Ein Rodel-Crashtest zeigt: Ein Helm und die richtige Sitzposition verringern das Verletzungsrisiko für Kinder enorm.

Mehr als 2.200 Menschen verletzen sich jährlich bei Rodelunfällen in Österreich. Im Schnitt enden zwei davon tödlich. In der vergangenen Wintersaison starben sogar fünf Menschen. Dabei zählen Kollisionen mit stehenden Hindernissen wie beispielsweise Bäumen zu den häufigsten Todesursachen. Das Kuratorium für Verkehrssicherheit hat gemeinsam mit dem Institut für Fahrzeugsicherheit der Technischen Universität Graz in einem computersimulierten Crashtest erstmalig Rodelunfälle untersucht – mit alarmierenden Ergebnissen: Ohne Helm sind tödliche Kopfverletzungen bei Kollisionen schon bei geringen Geschwindigkeiten möglich.

Kopfverletzungen

Anhand von Berechnungen und Computersimulationen mit virtuellen Menschmodellen wurde untersucht, welche Maßnahmen das Verletzungsrisiko beim Rodeln verringern können. Die Simulationen zeigen deutlich: Bei Kindern, die ohne Helm rodeln, besteht bereits ab rund 10 km/h ein erhebliches Risiko für schwere Kopfverletzungen. Ab einer Geschwindigkeit von rund  20 km/h steigt zudem das Risiko für Rippen- und Oberschenkelfrakturen.
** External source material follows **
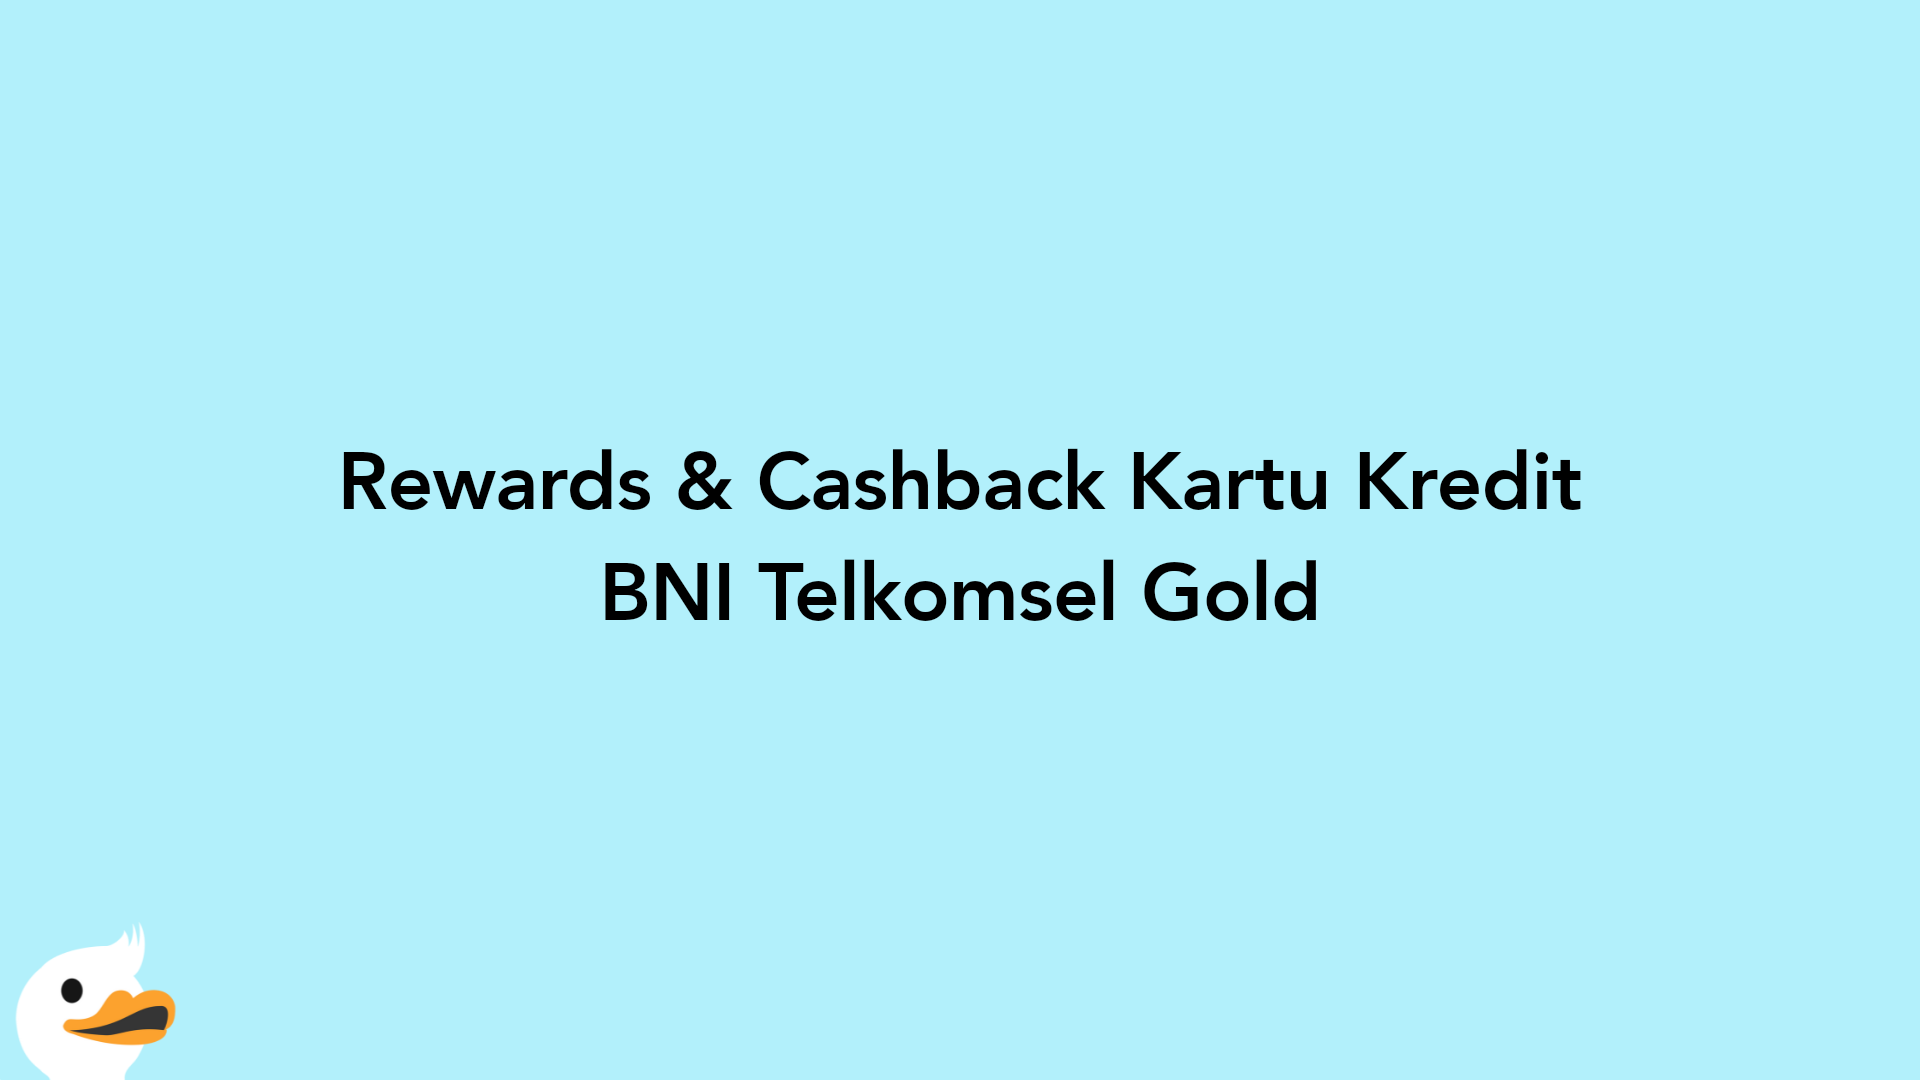 Rewards & Cashback Kartu Kredit BNI Telkomsel Gold
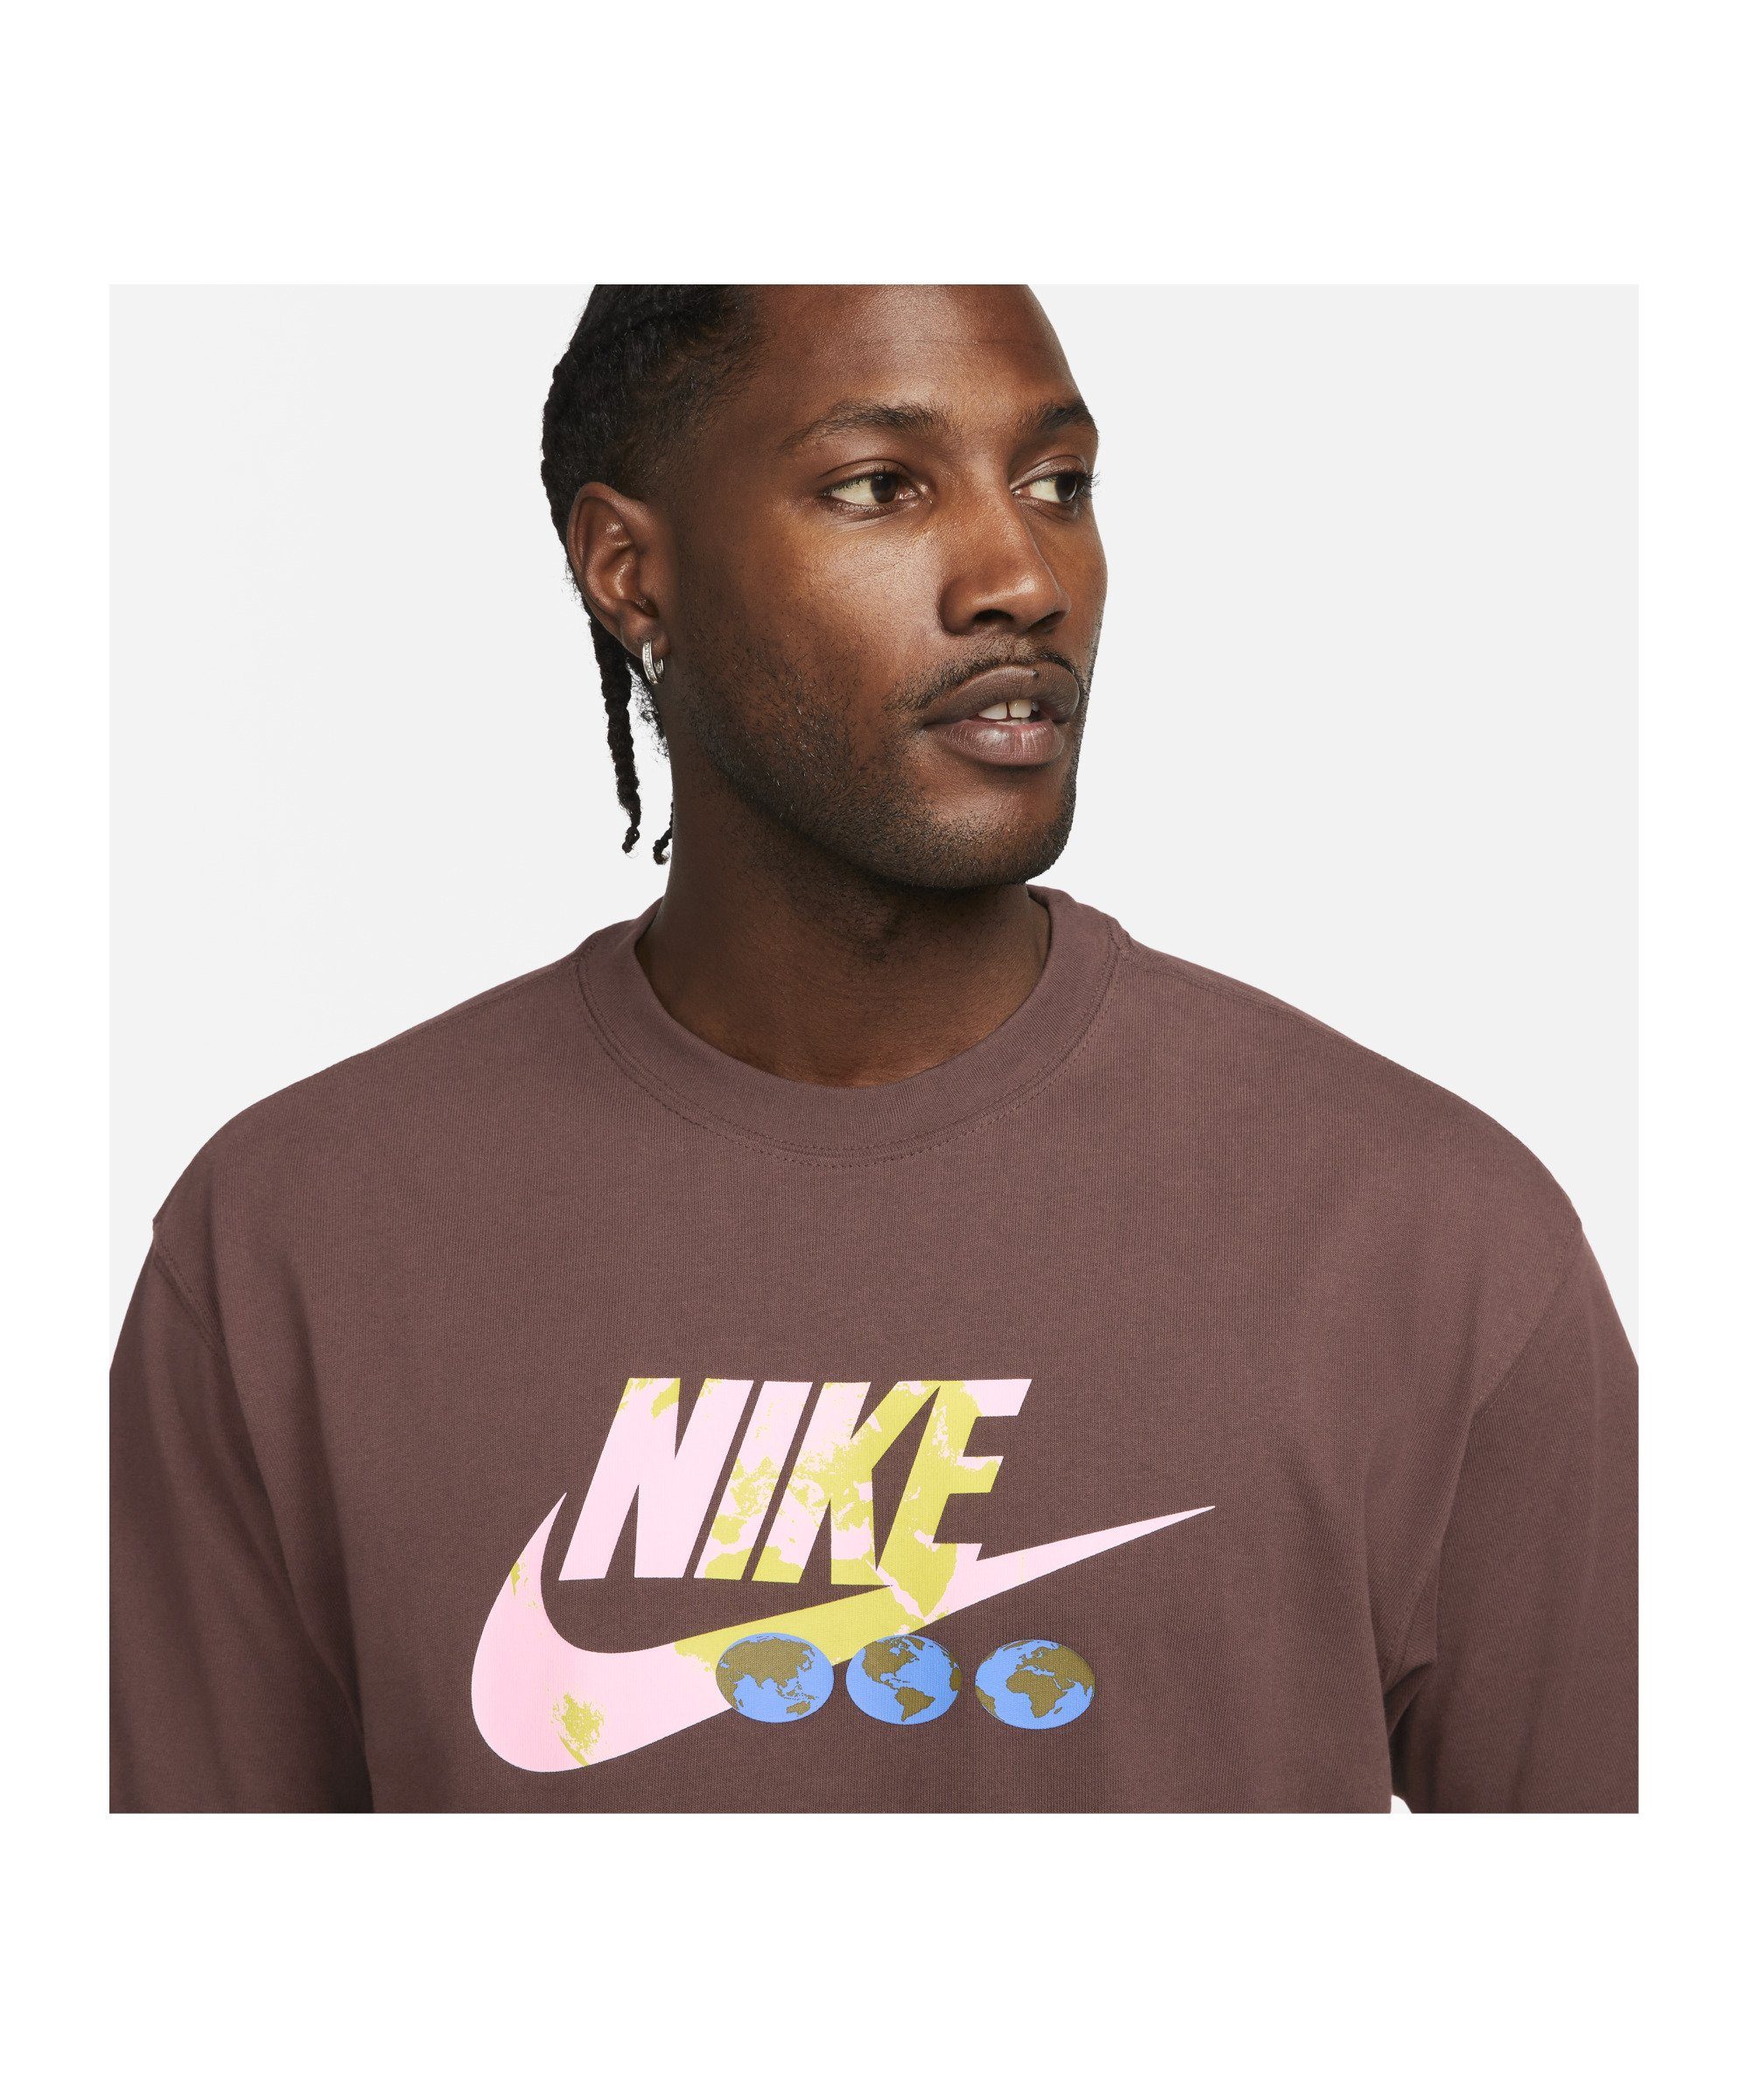 Beige T-Shirt Nike braun T-Shirt default Sportswear

Die Untersuchungen belegen, dass ein Helm das Kopfverletzungsrisiko deutlich reduziert – unabhängig von der Geschwindigkeit und unabhängig davon, ob die Person frontal oder seitlich gegen ein Hindernis prallt.

Sitzposition

Einfluss auf den Verletzungsgrad bei Kindern hat außerdem deren Sitzposition, wenn sie gemeinsam mit Erwachsenen rodeln: Sitzt das Kind vorne am Schlitten, besteht neben dem Kopfverletzungsrisiko auch ein erhebliches Risiko für Verletzungen des Brustkorbs und der Oberschenkel des Kindes. Denn das Kind wird durch den dahinter sitzenden Erwachsenen förmlich in den Baum ‚gedrückt‘. Während für den Kopf schon allein der Anprall am Baum kritisch ist, sind Brustkorb und Oberschenkel durch das Gewicht der erwachsenen Person und durch die Interaktion mit dem Schlitten einer extremen zusätzlichen Belastung ausgesetzt. Sitzt das Kind hingegen hinten, hat es mit dem Rücken der erwachsenen Person gewissermaßen einen zusätzlichen Aufprallschutz für den Kopf, zumal der Rücken naturgemäß weicher ist als ein Baum oder eine Liftsäule. Fazit der Experten: Rodeln sollte man nur mit Helm, Kinder sollten hinten sitzen.